Na brutal “ressaca” da revolta frustrada do 31 de Janeiro de 1891, de que resultou inúmeros mortos e estropiados entre os revoltosos, tendo que os melhores quadros republicanos sofrido pesadas humilhações entre o exílio (caso de Alves da Veiga, António Claro, Basílio Teles, Sampaio Bruno), a prisão e o degredo (João Chagas, Santos Cardoso, capitão Leitão, tenente Coelho e outros mais).

Santos Cardoso foi condenado, no conselho de guerra de Leixões a uma pena de prisão maior celular, por quatro anos, seguidos de degredo por oito. Pela amnistia de Fevereiro de 1893 regressou a Portugal e retomou o seu jornal, A Justiça Portugueza, agora fustigando os antigos correligionários.    

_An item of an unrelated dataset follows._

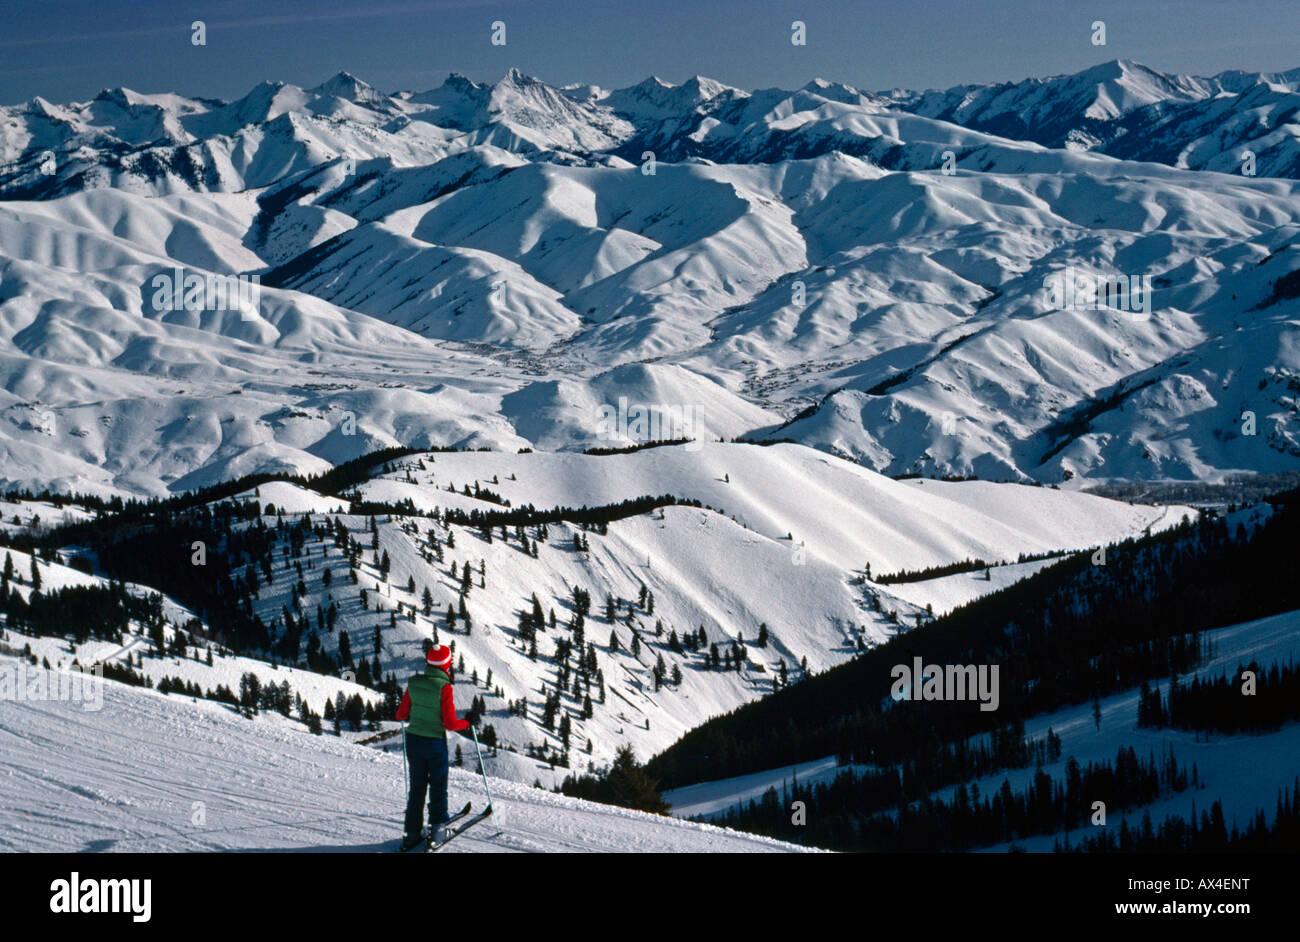 Skier at viewpoint, Sun Valley, Idaho - Stock Image

Escreveu Santos Cardoso: “Verdades de Sangue, com dois juízos críticos pelos Exmos Snrs. Drs Alves da Veiga e Pedro Amorim Viana (tem o retrato do autor), Porto, Tip. Ocidental, 1877, p. 92; “Verdades de Sangue. Escândalo Bancário, história dos acontecimentos da crise monetária e bancária de 1875 a 1877. Porto, Tip. de Alexandre da Fonseca Vasconcelos, 1878, p. 128 [ um anunciado 3º volume, não saiu].

Henrique José dos Santos Cardoso viveu algum tempo em Lisboa, regressando ao Porto quando a doença o atingiu. Morreu em Vizela, a 5 de Agosto de 1899.

J.M.M.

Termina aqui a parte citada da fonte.